Вошла миссис Цербер, назойливо шурша накрахмаленным одеянием. Она прошагала
мимо Джонатана, задев его стул мощным бедром. Ему стало любопытно, не состоит ли эта
жуткая парочка в половой связи. Кого же еще мог бы заполучить себе Дракон? Он посмотрел
на них и решил, что, если бы они произвели кого-нибудь на свет, из их отпрыска получился
бы идеальный натурщик для Иеронима Босха.
На прощанье Дракон сказал:
– Я буду информировать вас в той степени, в какой сочту нужным.
– Вас не удивляет, что мы как-то обошли вопрос оплаты?
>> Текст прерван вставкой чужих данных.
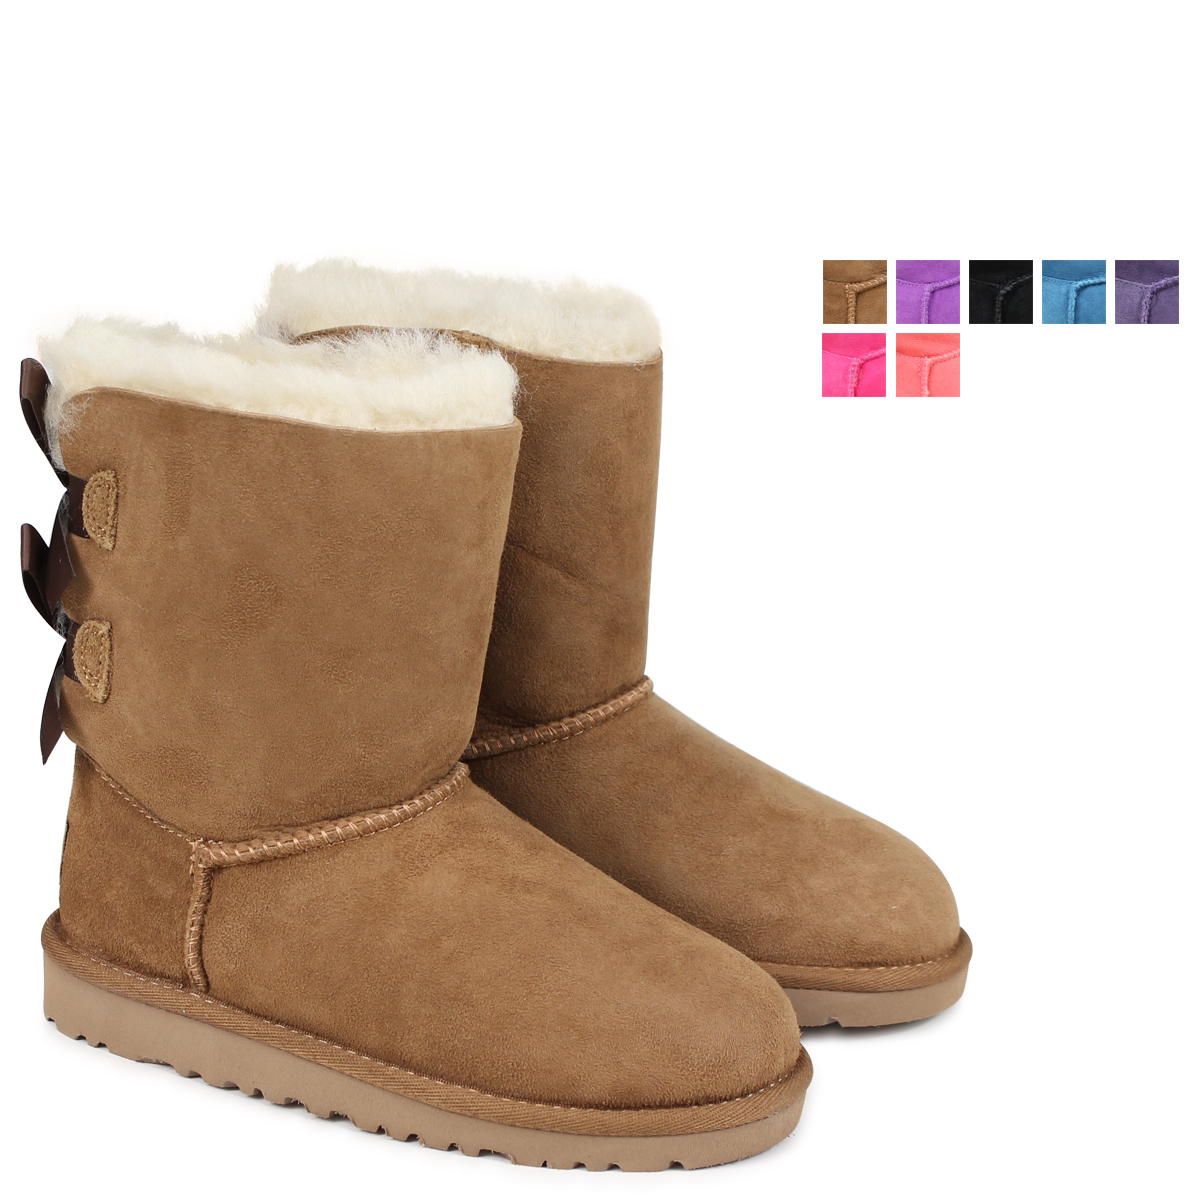 where to purchase uggs

– А, конечно же! Мы намереваемся проявить особую щедрость, учитывая
исключительно тяжелые условия задания и те... эмоциональные трудности, которые
сопутствовали нашей небольшой психологической дуэли. По проведении санкции вы
получите тридцать тысяч долларов. Разумеется, похищенные у вас двадцать тысяч в
настоящий момент уже на пути к вашему дому. Что же касается Писсарро, то мисс Браун
позавчера в телефонном разговоре ясно дала понять, что выполнит свое задание только в
обмен на обещание передать эту картину вам безвозмездно, в качестве подарка. И мы на это
идем. Уверен, что вы рассчитывали на меньшее.
– Откровенно говоря, да. Но это значительно меньше, чем я получу от вас.
– Да-а?
Миссис Цербер, беспокоясь за кровяное давление Дракона, успокаивающе погладила
его по руке.
– Да, – не смущаясь продолжил Джонатан. – Писсарро я получаю немедленно, а сто
тысяч долларов – после выполнения работы. Плюс, естественно, все расходы.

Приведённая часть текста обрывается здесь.